Blown Away
It’s been an amazing month for AI. What happened?
Between vacation, end-of-year projects, the coming holidays, and other hysteria, I haven’t come up with an article this month. So here’s a quick list of things that have amazed me recently.
Are we virtual yet?
I’m far from the first person to find NotebookLM amazing, and I certainly won’t be the last. I did a simple experiment: I pointed it at two of my recent posts, “Think Better” and “Henry Ford Does AI.” Both the summary and suggested questions NotebookLM provided were quite good: They went beyond simply commenting on the two pieces and got into the relationship between the two. But what blew me away was the podcast it generated: an eight-minute discussion between two synthetic people who sounded interested and engaged. (Here’s a description of some of the techniques Google puts to use to make it happen.) Was it 100% correct? No, but honestly, if a human summarized my articles, I’d probably find a few things to complain about.
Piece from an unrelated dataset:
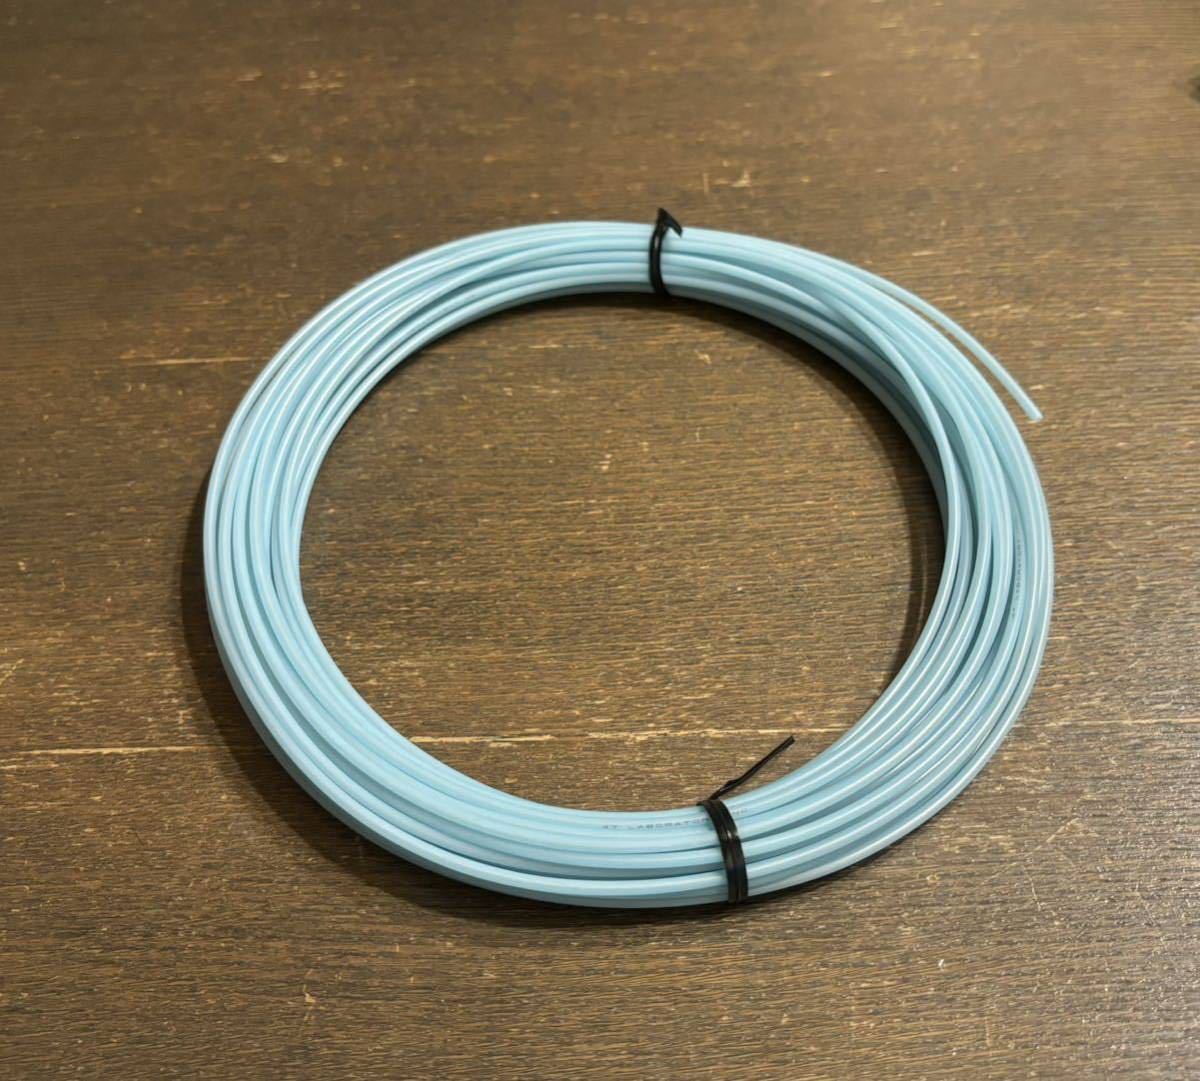  собственное производство для кабель 47 изучение место 0.65mm одиночный линия 1m. электропроводка материал, внутри часть электропроводка, спикер-кабель . пожалуйста.

Being Google, after the initial experience, the user interface was more than a bit clunky. When I wanted to go back to the podcast a few days later, I had to play “guess what to click” way too much. (Hint: Would you guess that you need to click on “Notebook Guide”? Why doesn’t the podcast player appear by default?) But that’s really a very minor problem.
Models using computers
Anthropic’s computer use API is now available in beta. Beta is right—there’s clearly a lot going on here that’s dangerous and easily abusable. But it’s also a lot of fun, and it points toward a new direction for AI development.
In essence (and I may have the essence wrong), computer use allows you to tell Claude how to use a computer: browsers, editors, shells, anything that can have a user interface on a screen (and possibly more). Anthropic provides a demo as a Docker container, so you can run it safely. Once the container is running, you can give Claude a problem to solve; it will figure out how to solve that problem, and use the container’s virtual Linux computer to do the work. For example, you could ask it to fill out a spreadsheet with data it collects from websites. Claude will do all the clicking, copying, and pasting for you.
Is this revolutionary? My first reaction was “Big deal, I can upload a file to GPT and use it to browse the web for me.” In principle that’s true, although ChatGPT doesn’t allow web browsing and file uploading in the same conversation. What’s really new? Think about the monstrous prompt you’d need to get GPT to read a spreadsheet, find out what data was missing, look for that data on the web, and generate a new updated spreadsheet. It wouldn’t be simple. With computer use, most of that complexity disappears.
Does it really disappear? We’ll find out as we get further in. We’re still at the stage where hallucinations and misbehavior are cute rather than critical. It’s easy for Claude to be misled into interpreting something on a random website as a prompt. It will be a field day for prompt injection attacks. And I can imagine plenty of improvements. Computer use currently works by taking screenshots and shipping them to Claude, which computes where to click. That seems incredibly awkward, especially given that many applications have accessibility affordances that might make the screenshotting unnecessary.
For now, relax and take a breath. Don’t use computer use for anything serious yet—it’s important to heed Anthropic’s many warnings. But you should play with it and think about what it means. An automated framework for testing web applications, Selenium++? A tool for negotiating with online vendors? We’re much closer to an agent-filled world where we ask a computer what to do and it does it for us.
Could this be the end of CRM?
Somewhat along the same lines: Sam Lessin posted on Twitter (I won’t call it X) about a very clever and useful hack. He exported many years of email, used GPT to extract key parts, and uploaded it to NotebookLM (yes, again), which allows him to ask questions about his conversations over the past decade. Who did I talk to? Why? What are the topics we talked about? That’s all useful information.
Sam argues that this is the end of structured customer relationship management (CRM) software. I won’t offer an opinion for investors or founders, but his process resonated with me immediately. I’ve worked with many authors and potential authors over the decades, and my email includes conversations with thousands of people. So when I want to ask a question like “I want to understand more about DDOS; who should I talk to?” my first step is to go to Gmail and start searching. Email is my CRM system; I’ve never used a commercial CRM product.
Unfortunately and ironically, Gmail’s ability to search is quite poor. Using it for contact management, though it can be made to work, isn’t pleasant. Can I just ask NotebookLM? Absolutely.
Email-based CRM might even be a good startup idea, though it’s hard to imagine succeeding long-term. There wouldn’t be much of a “moat” to protect a startup against larger companies—like Google itself. I can easily imagine Google building this kind of AI-enabled search directly into Gmail. They already have all the data.
That’s it for this month. That wasn’t so bad—maybe I should do this more often.